What needs to be done
Each line of the listing below must be retyped exactly, with images left out.

Dataset section
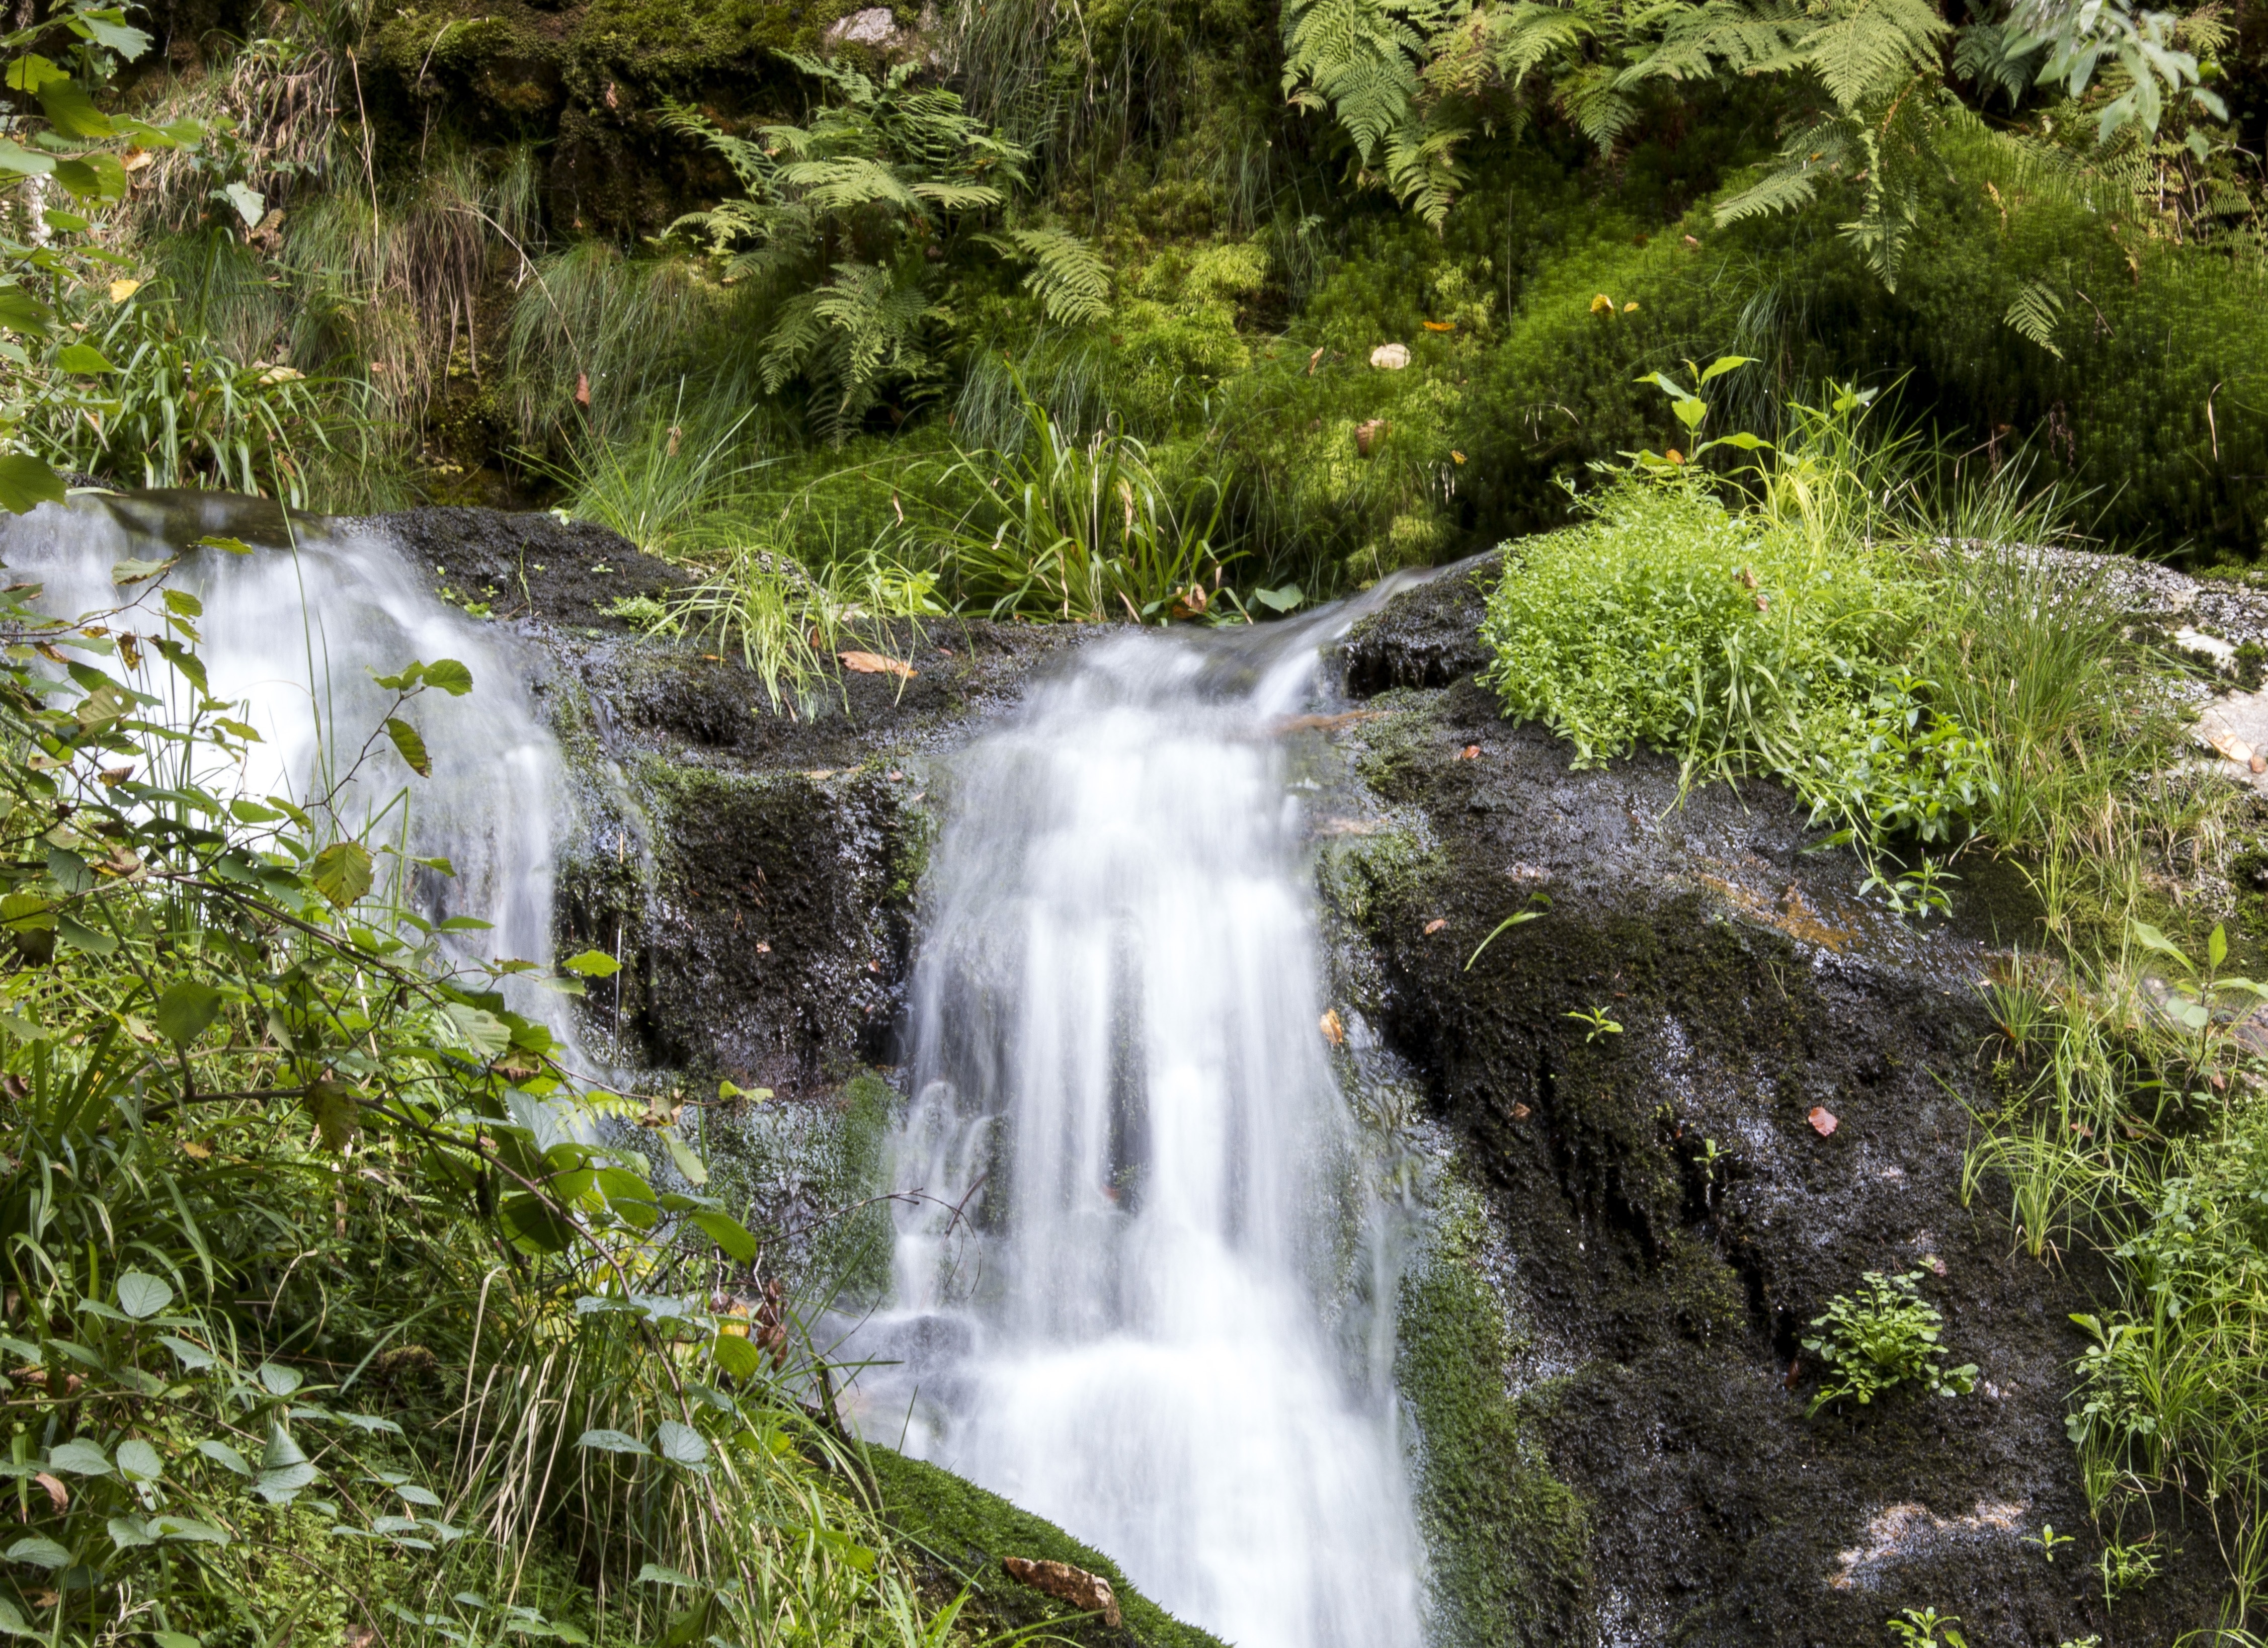 waterfalls surround by green leave trees and plants
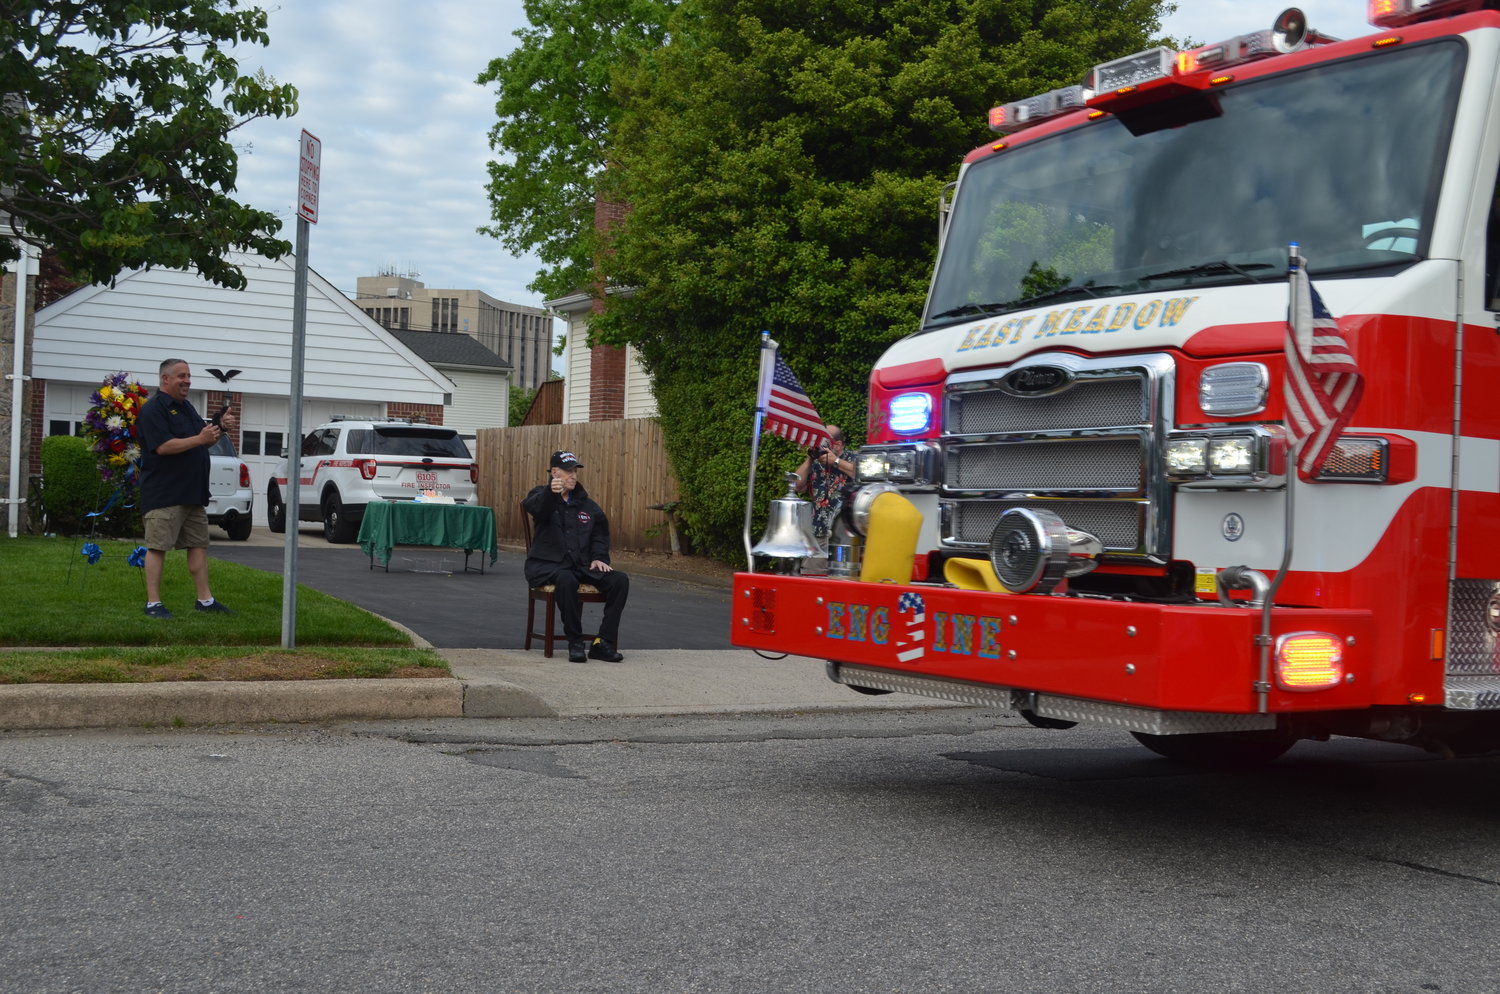 Butera has been a member of the EMFD for 70 years, and is its oldest member.
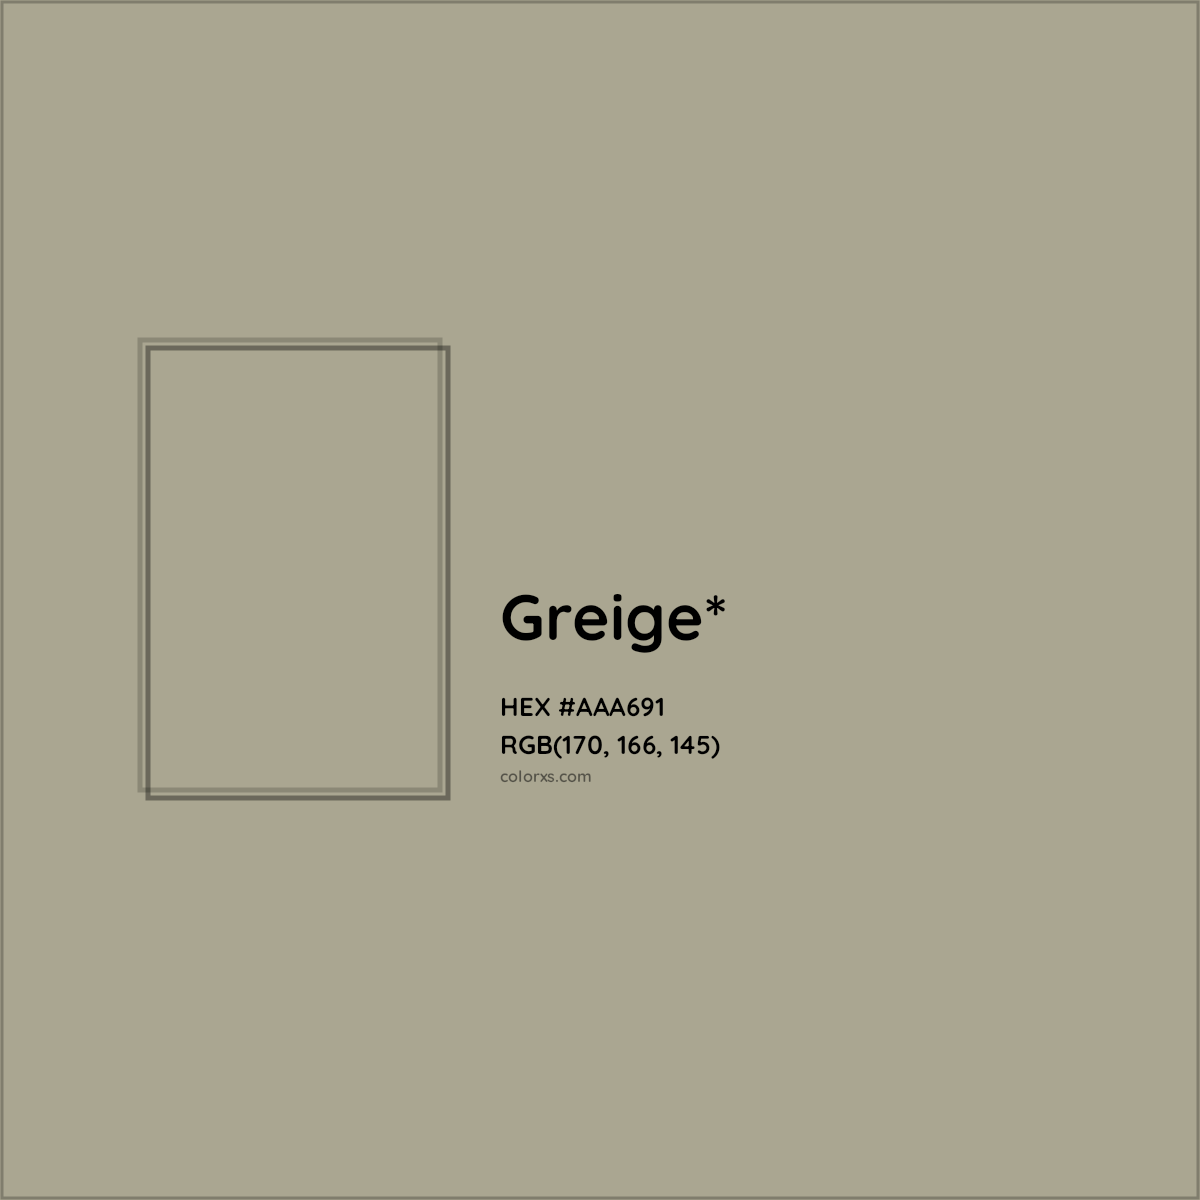 HEX #AAA691 Color Name, Color Code, Palettes, Similar Paints, Images

Worked solution
 waterfalls surround by green leave trees and plants
 Butera has been a member of the EMFD for 70 years, and is its oldest member.
 HEX #AAA691 Color Name, Color Code, Palettes, Similar Paints, Images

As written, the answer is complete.